▸ **Aim of the task**
Return all the data exactly, keeping the pictures out.

▸ **Given data**

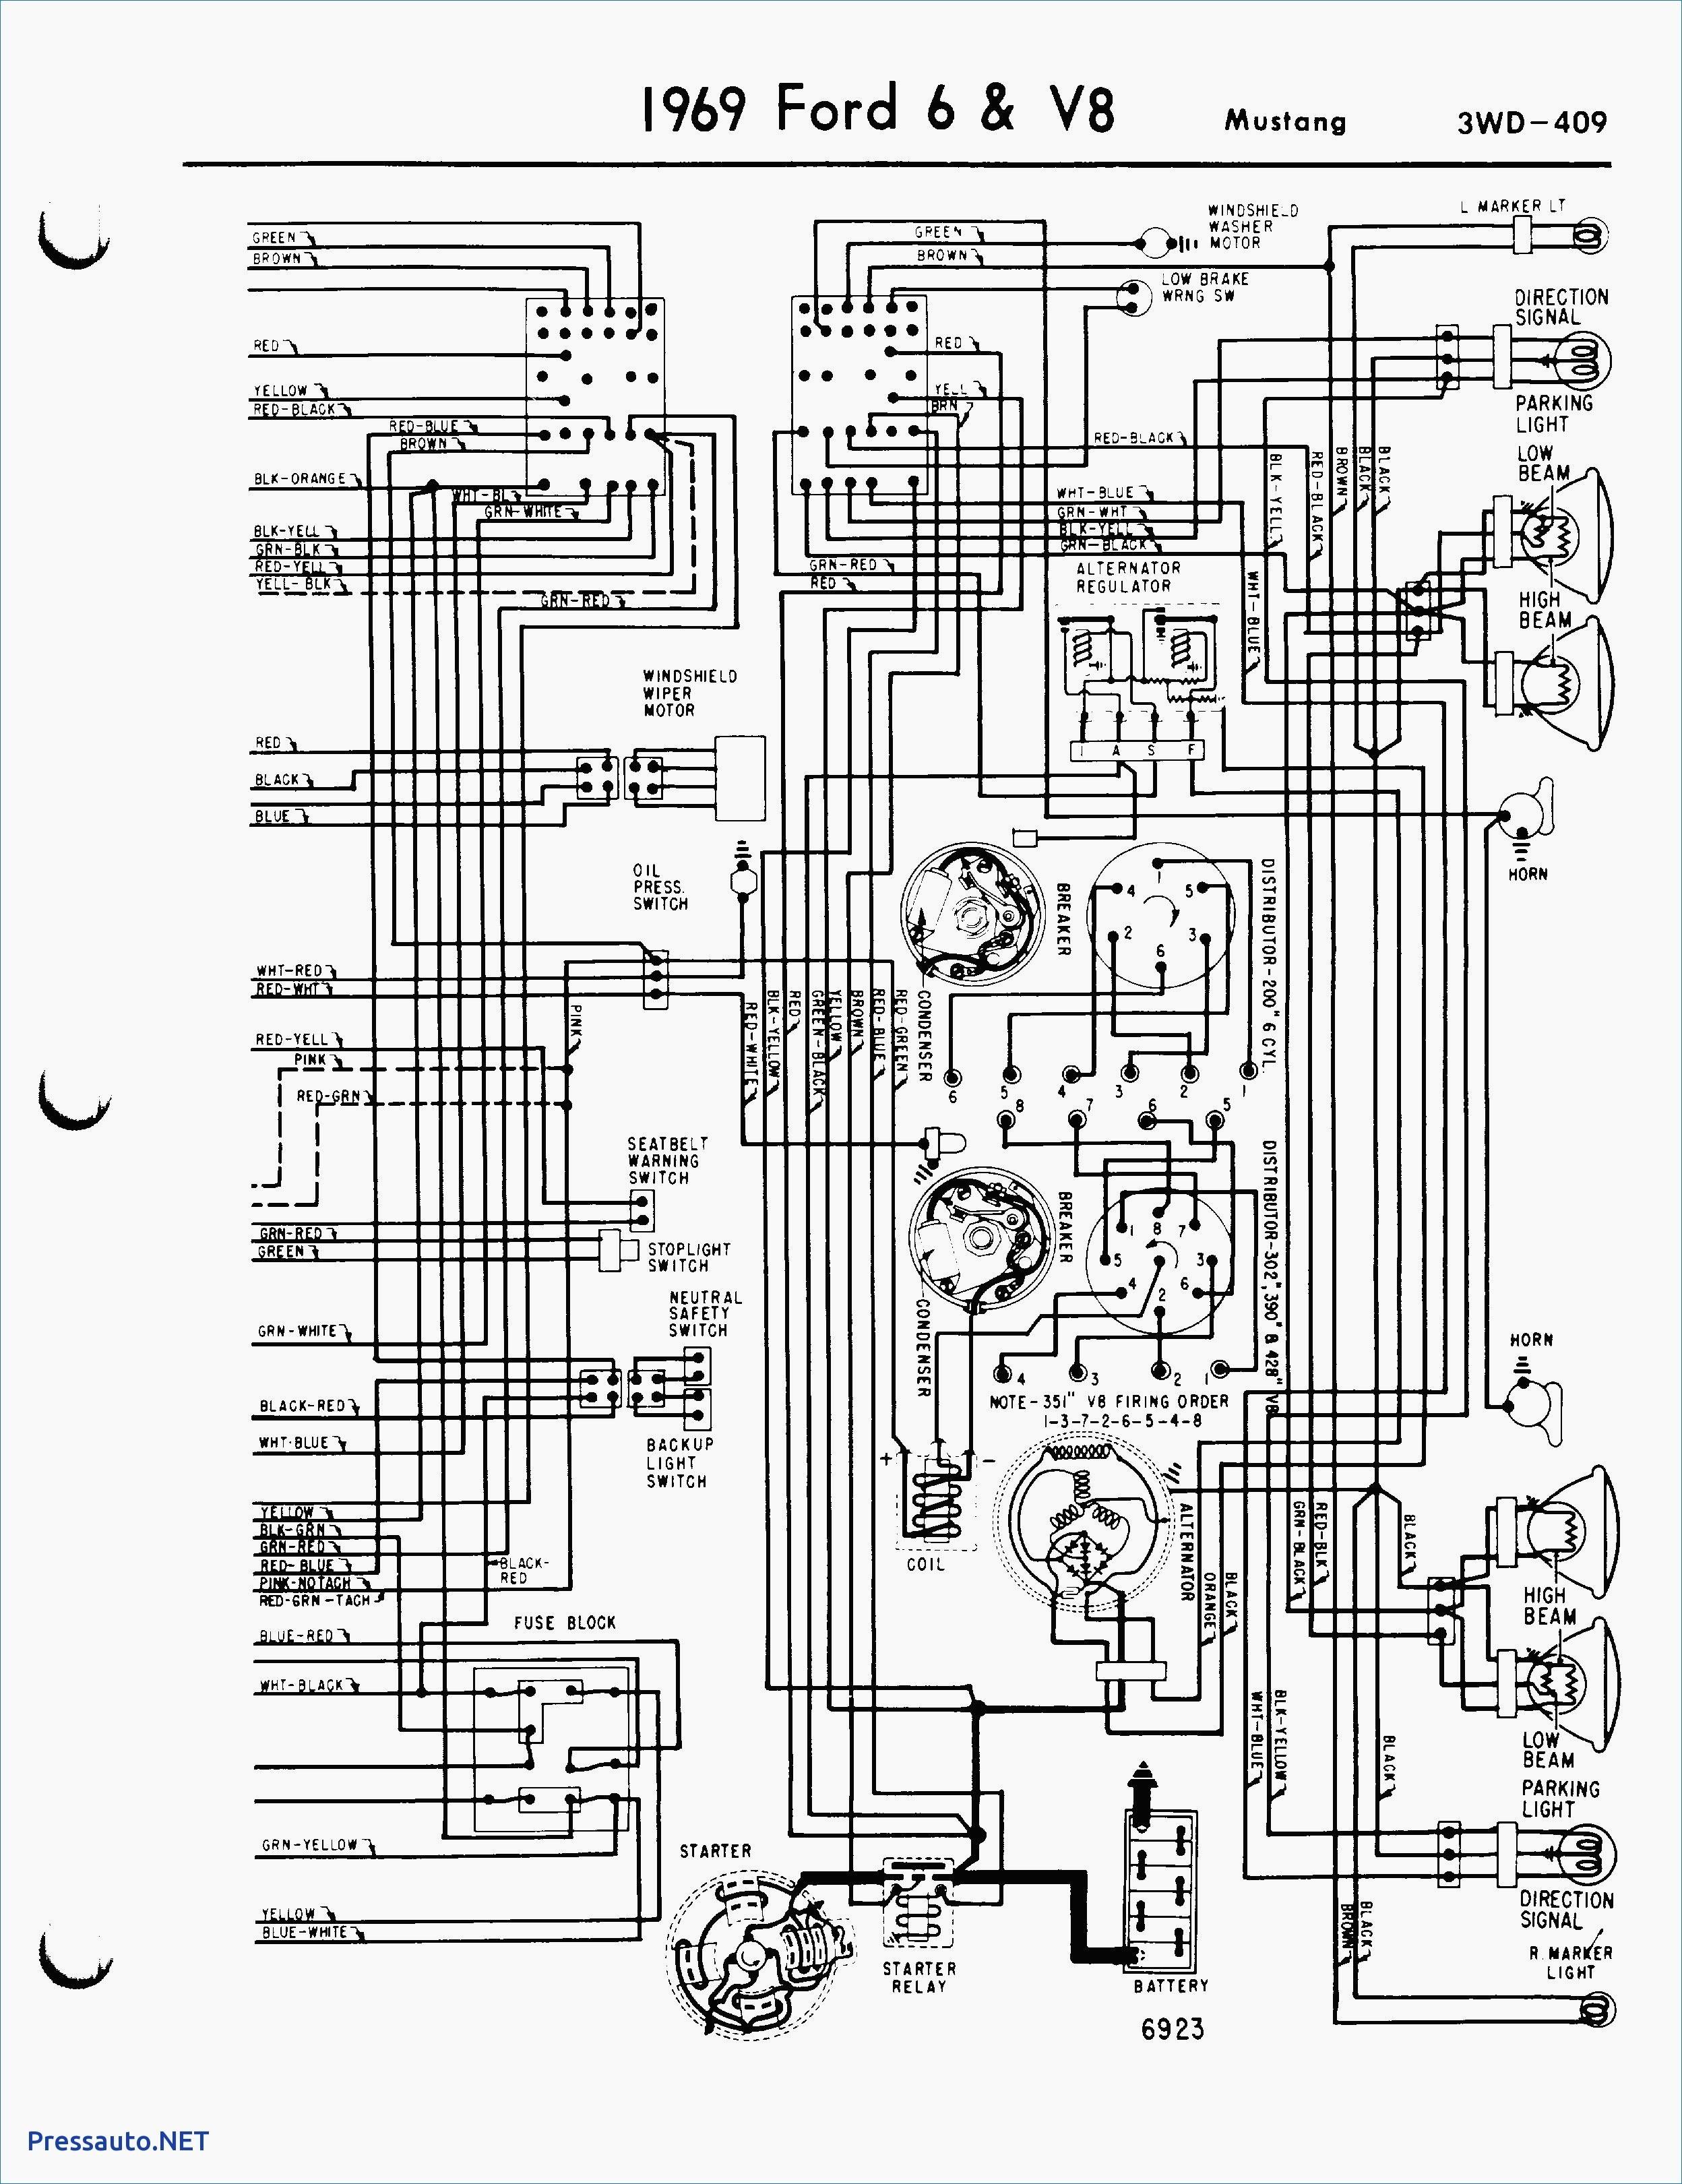 A Four Wire Alternator Wiring
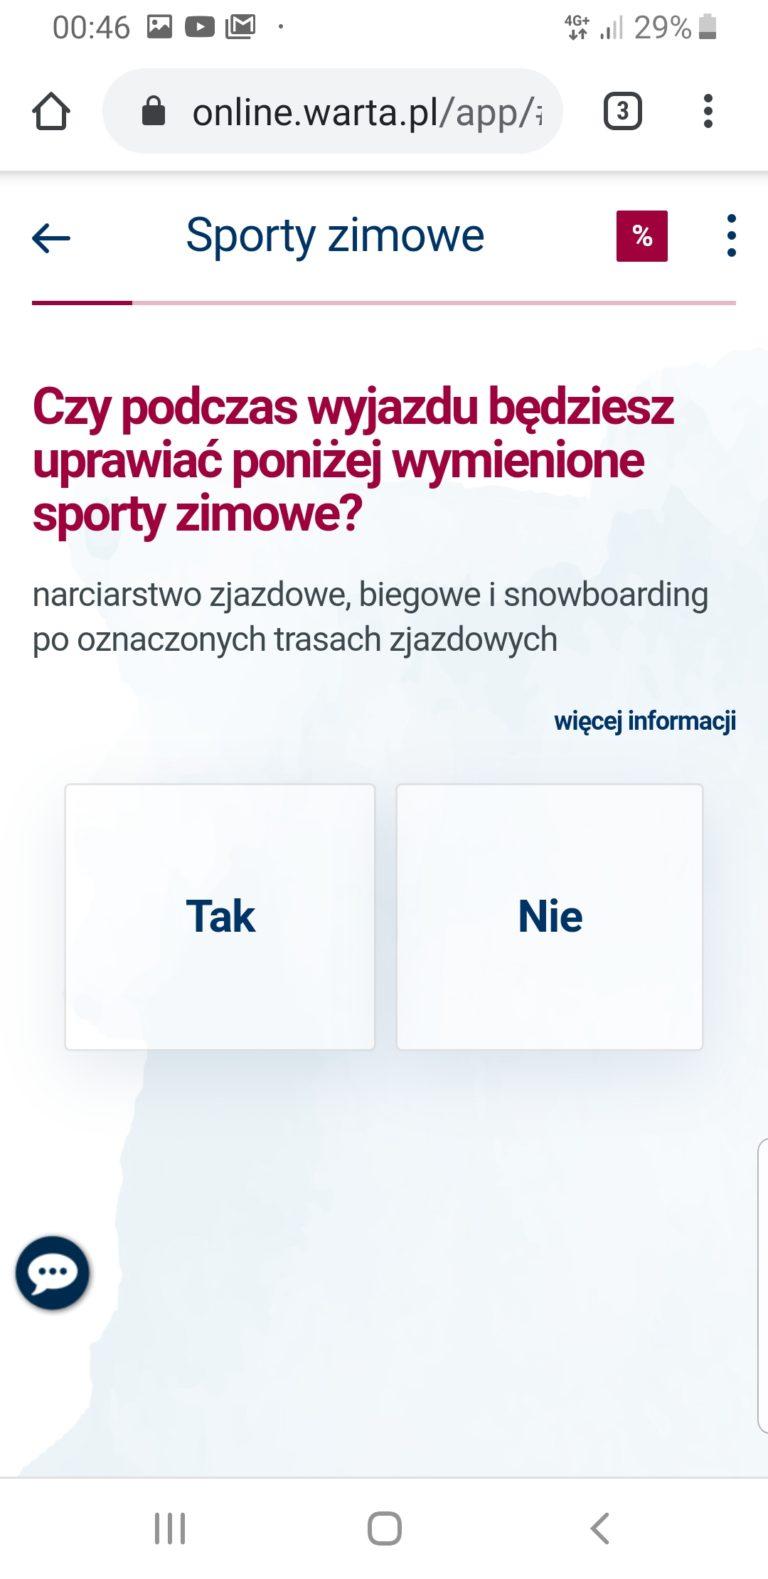 Screenshot 20191218 004630 Chrome 768x1579 - Ubezpieczenie na narty za granicą - Warta Travel online
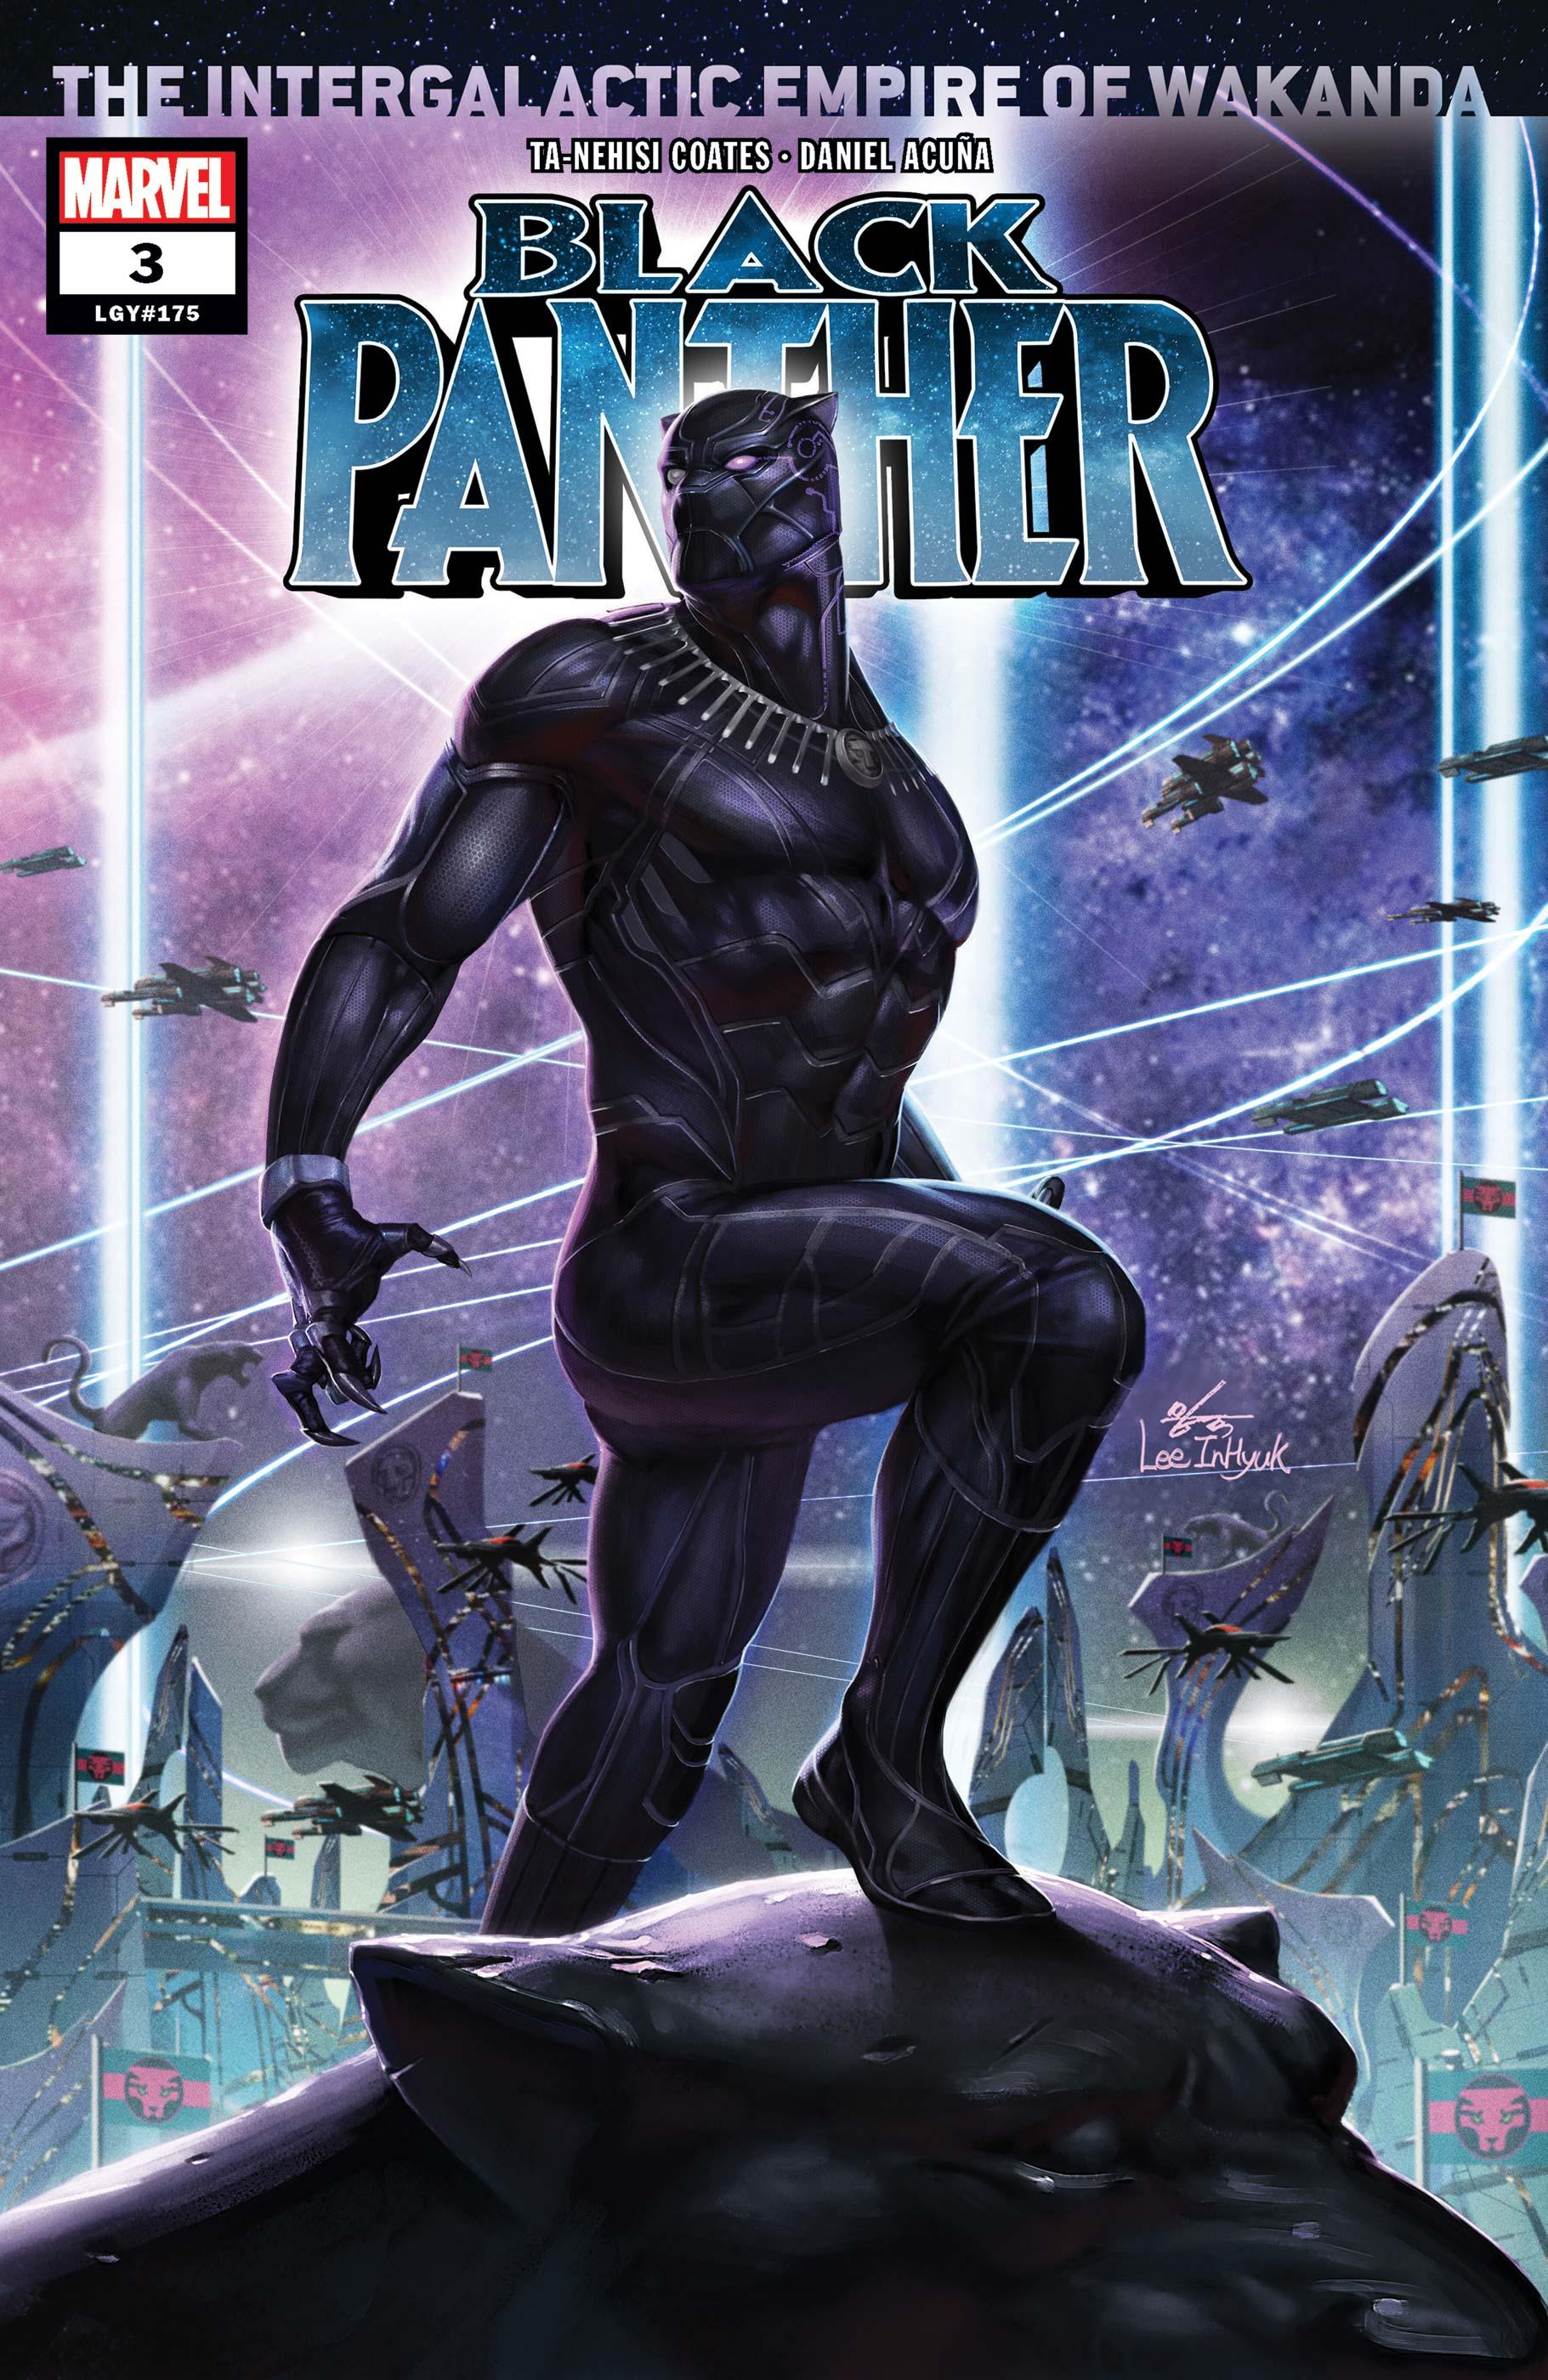 Black Panther (2018) #3

▸ **Output**
 A Four Wire Alternator Wiring
 Screenshot 20191218 004630 Chrome 768x1579 - Ubezpieczenie na narty za granicą - Warta Travel online
 Black Panther (2018) #3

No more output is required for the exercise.